1963. What does that year mean to you?
The Space Race, MLK Jr’s “I Have a Dream”, JFK’s assassination, Betty Friedan’s “The Feminine Mystique”, or the first NHL draft may leap to mind — unless, of course, your memory has been totally overrun by images of Mad Men’s Don Draper and Joan Holloway.
1963 was colorfully unique in countless ways, but a strong parallel exists between then and now. The fact is that 1963 was the last time in history that nonfinancial companies stockpiled cash in the same quantity in which companies are hoarding an astounding $2.05 trillion today.
The situations surrounding this amassing of cash, however, are vastly different. The 1960s were fed by the aerospace and housing sectors, with momentum growing around this newfangled invention called the computer. It was a decade of affluence where the economy expanded for the longest, uninterrupted period in history.
Today, businesses are squirrelling away cash and liquid assets, generally not because of unprecedented successes, but rather in preparation for more trouble with the economy. While it is responsible for companies to protect themselves against another recessionary drop, it is important that they do not neglect to make essential investments.
If infrastructure is left to decay in the short term, companies will likely suffer in the long term. It is especially important that companies do not cut corners regarding their IT investments and the corresponding contracts supporting those investments. As Computing’s Chris Middleton points out, more than 40% of CIOs surveyed stated that their “existing contract terms” with their IT vendors were to blame for preventing them from achieving cost savings. An astonishing 85% say their contracts are less than ideal.
The pace at which technological and business process is evolving is amazing, and given the current economic climate, it is absolutely unacceptable for a vendor contract to be a handicap to your organization. When significant savings can be achieved by reducing inefficiency and redundancy within one’s IT environment, dramatic staffing, budget, and program cuts can be avoided altogether.
Special care needs to be taken consistently, in good times as well as bad, to ensure that one’s organization does not settle for a poor IT vendor contract. The price of a lackadaisical approach to negotiating and building a vendor relationship is simply too high. Unfortunately several organizations are learning this the hard way right now, as they engage with their incumbent suppliers and are reminded that their current contract does not support what is requested.
Companies desiring the ability to rapidly achieve cost savings through new technologies and services need to think beyond the current quarter and wisely invest the time and resources to ensure their most strategic IT relationships are built for scale, agility, innovation, and flexibility. This starts by putting in place the right contracts. Ensuring your contracts are consistently constructed with these principles in mind should be an all-the-time focus – not just a focus when times are tough.

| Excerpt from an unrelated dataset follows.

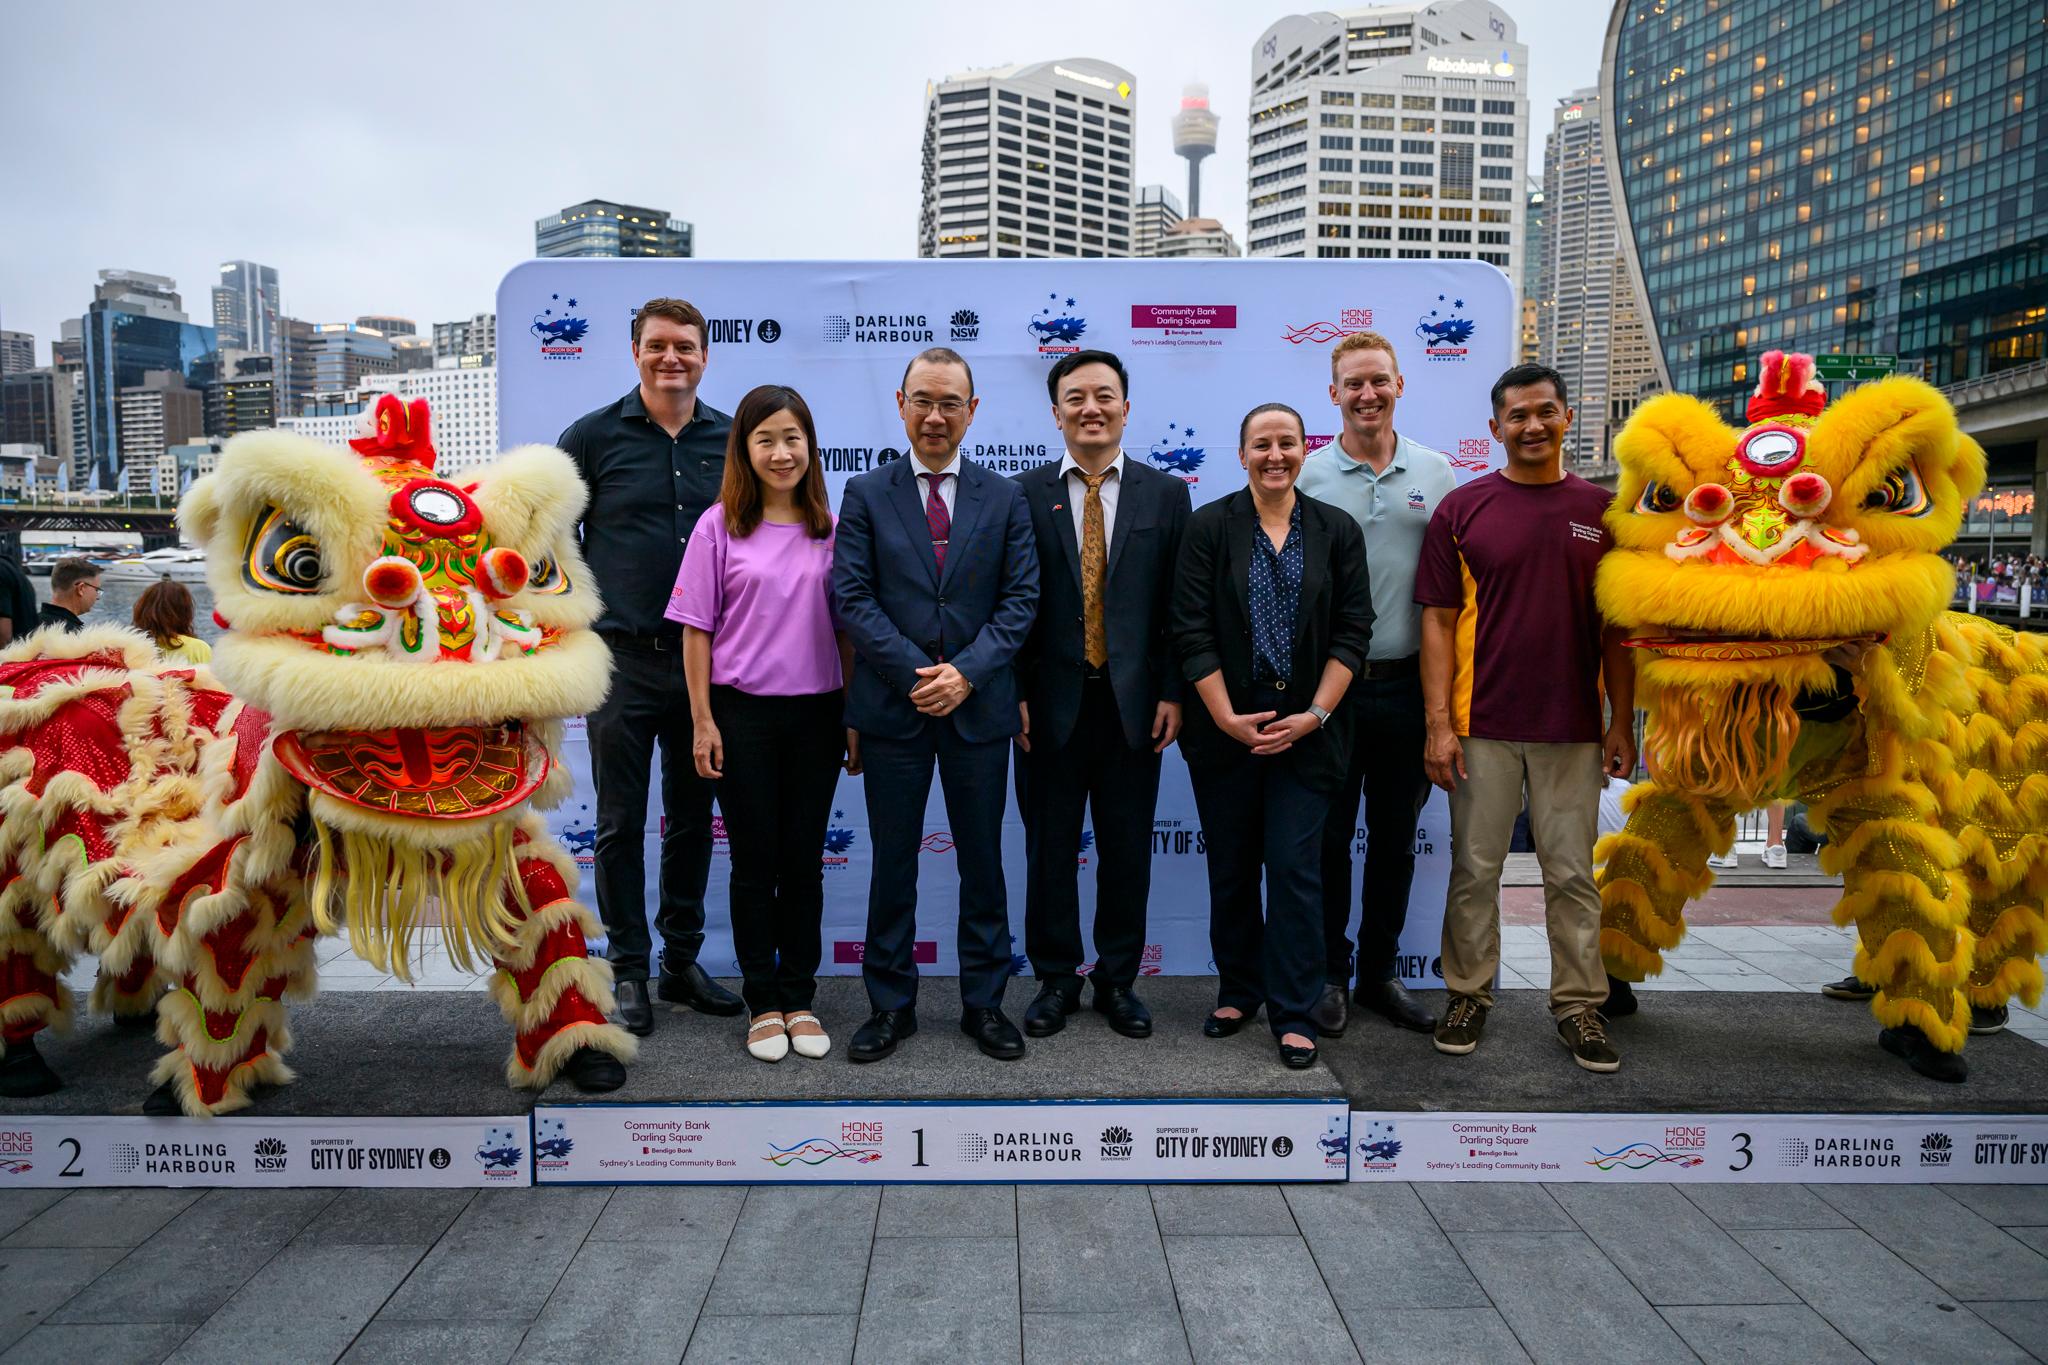 The Hong Kong Economic and Trade Office, Sydney (Sydney ETO) participated in the Sydney Lunar New Year Dragon Boat Festival held in Sydney, Australia, from February 16 to 18. Photo shows the Acting Consul General of the People's Republic of China in Sydney, Mr Yu Jie (centre); the Director of the Sydney ETO, Miss Trista Lim (second left); the Deputy Lord Mayor of the City of Sydney, Mr Robert Kok (third left); the Chief Executive Officer of Dragon Boats New South Wales, Mr David Krantz (second right), and other guests at the award presentation ceremony on February 16.



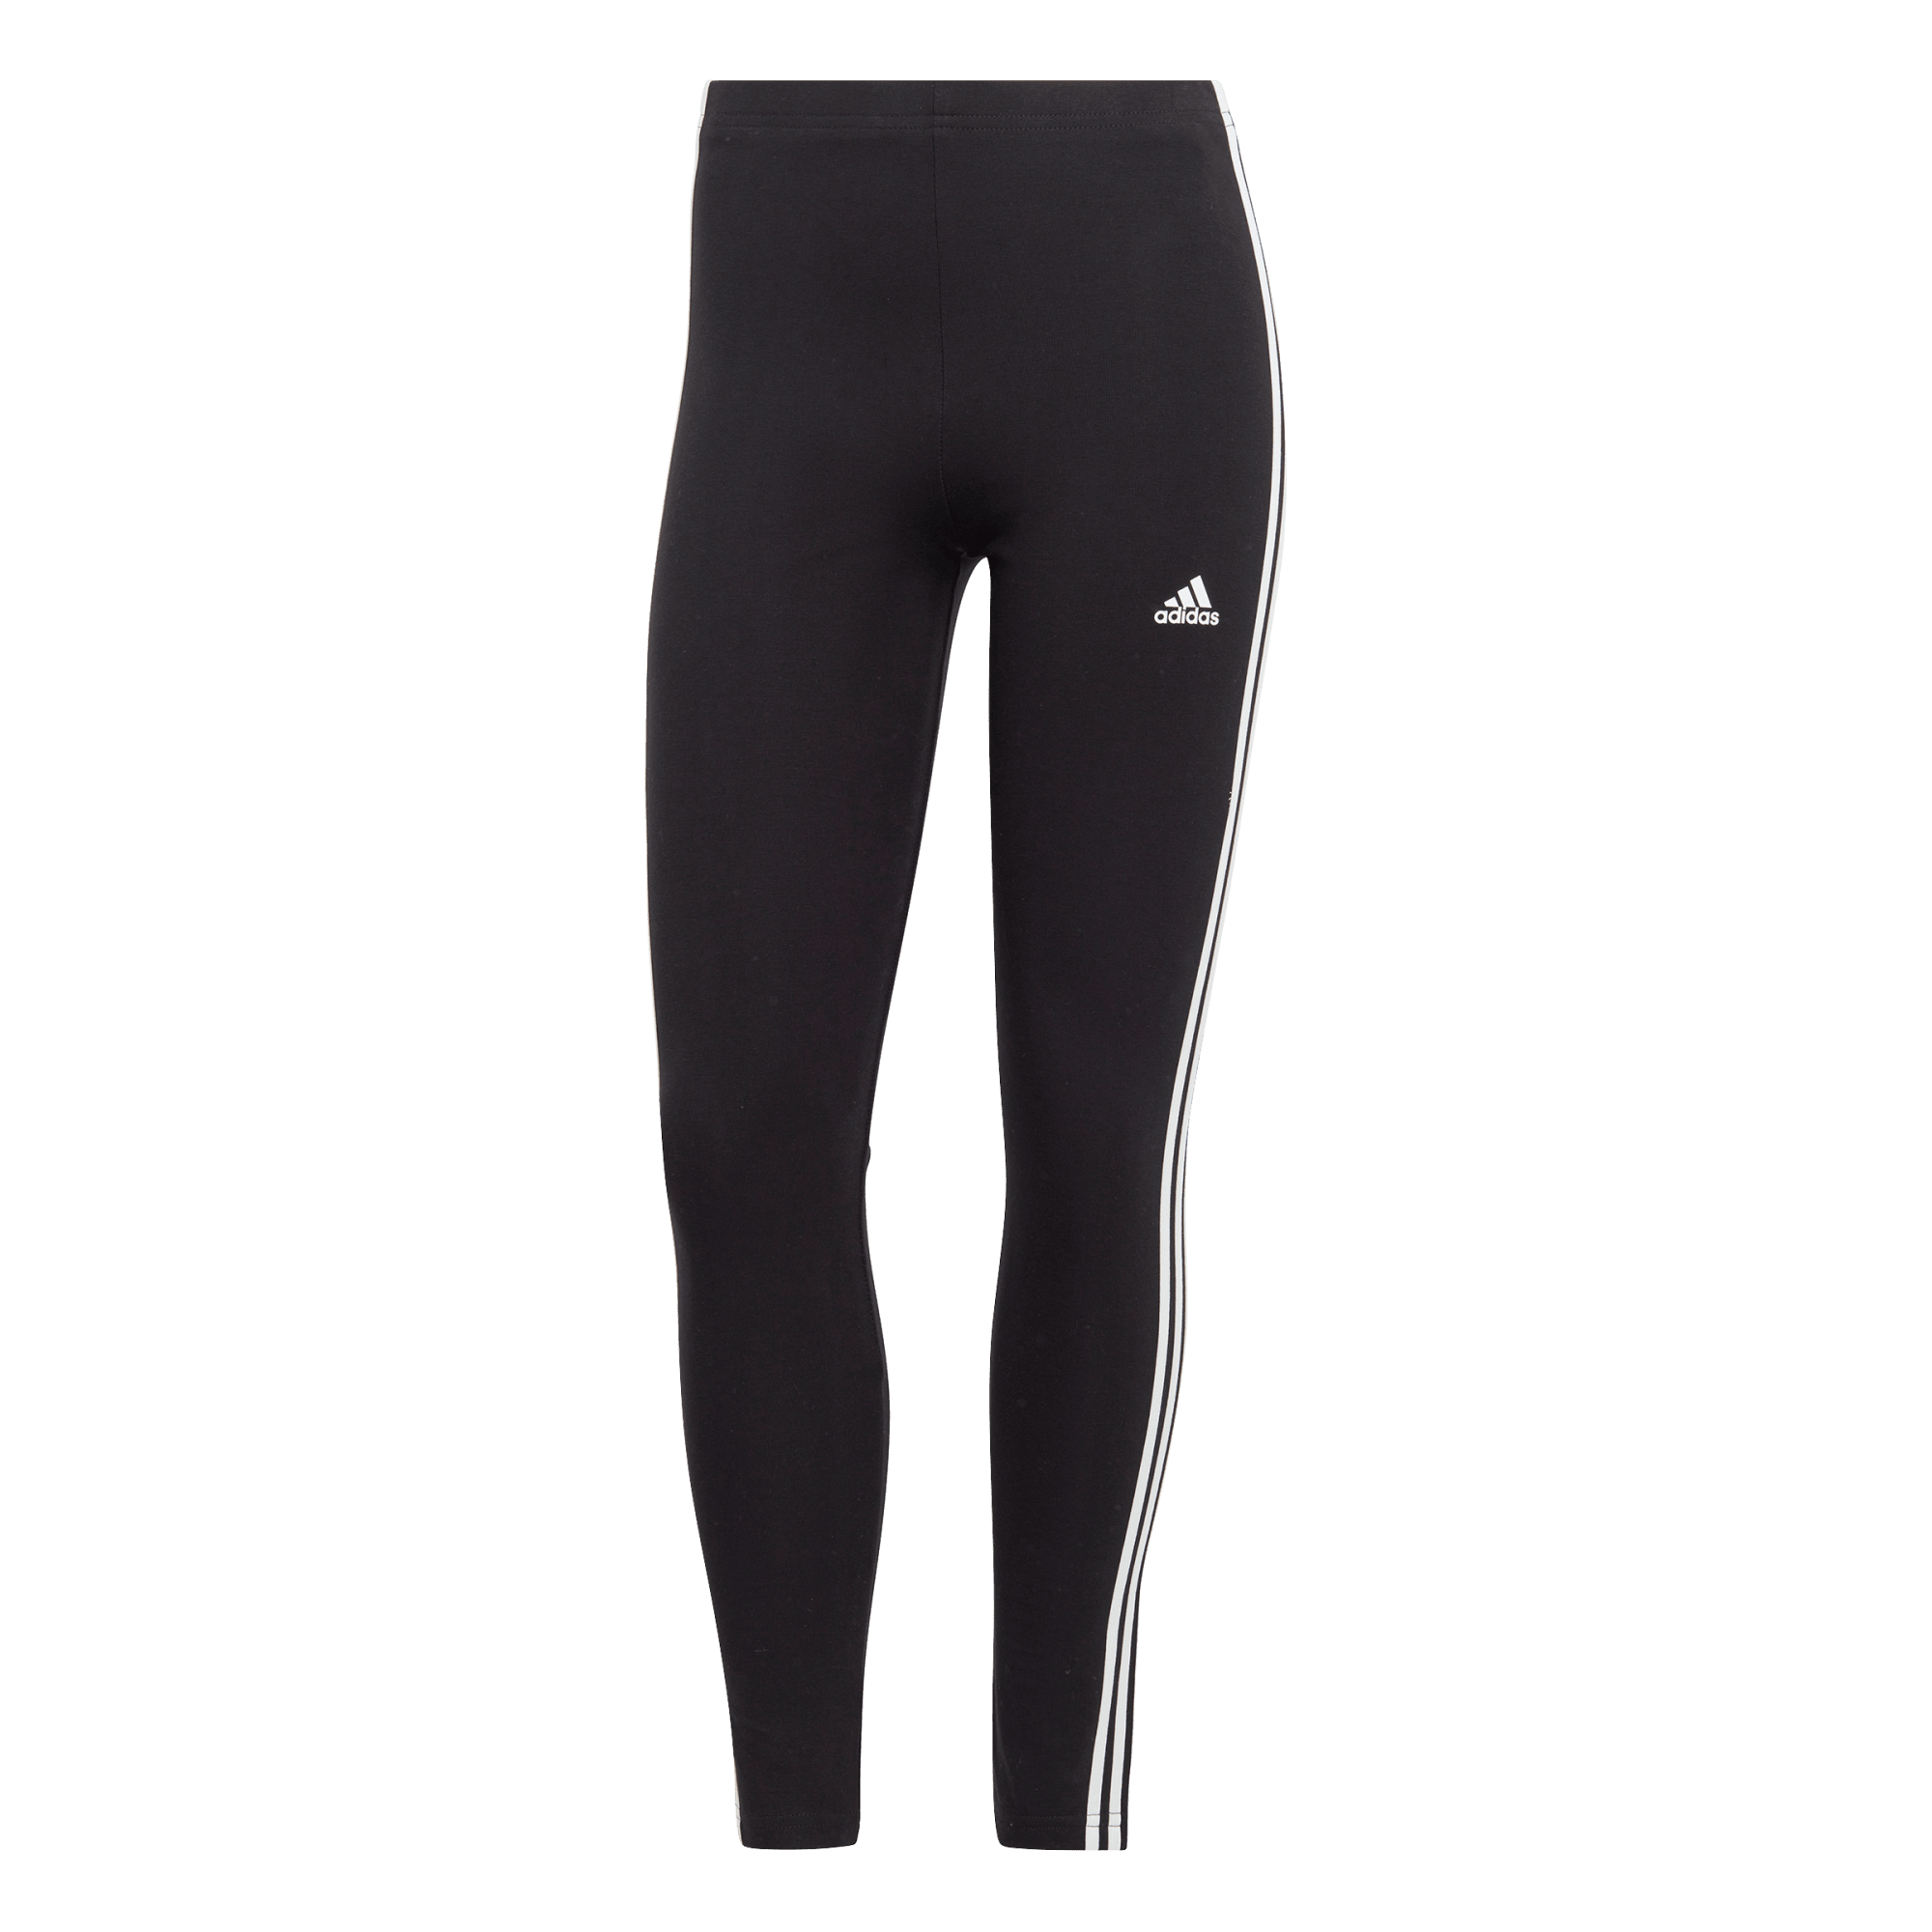 Women's 3-Stripes High-Waisted Legging from adidas

Given the pace of innovation today, companies simply cannot afford to press snooze on their IT contracts and relationships. Doing so will ultimately lump your company with the 85% who labeled their contracts as “less than ideal”. Traditional deal constructs and license models have not kept pace with the newer technologies and services available today. The 15% of companies who continue to take particular care in safeguarding these core principles of scalability, flexibility, agility, and innovation will emerge with sustainable IT relationships that enable them to proactively and rapidly deliver benefits back to the business.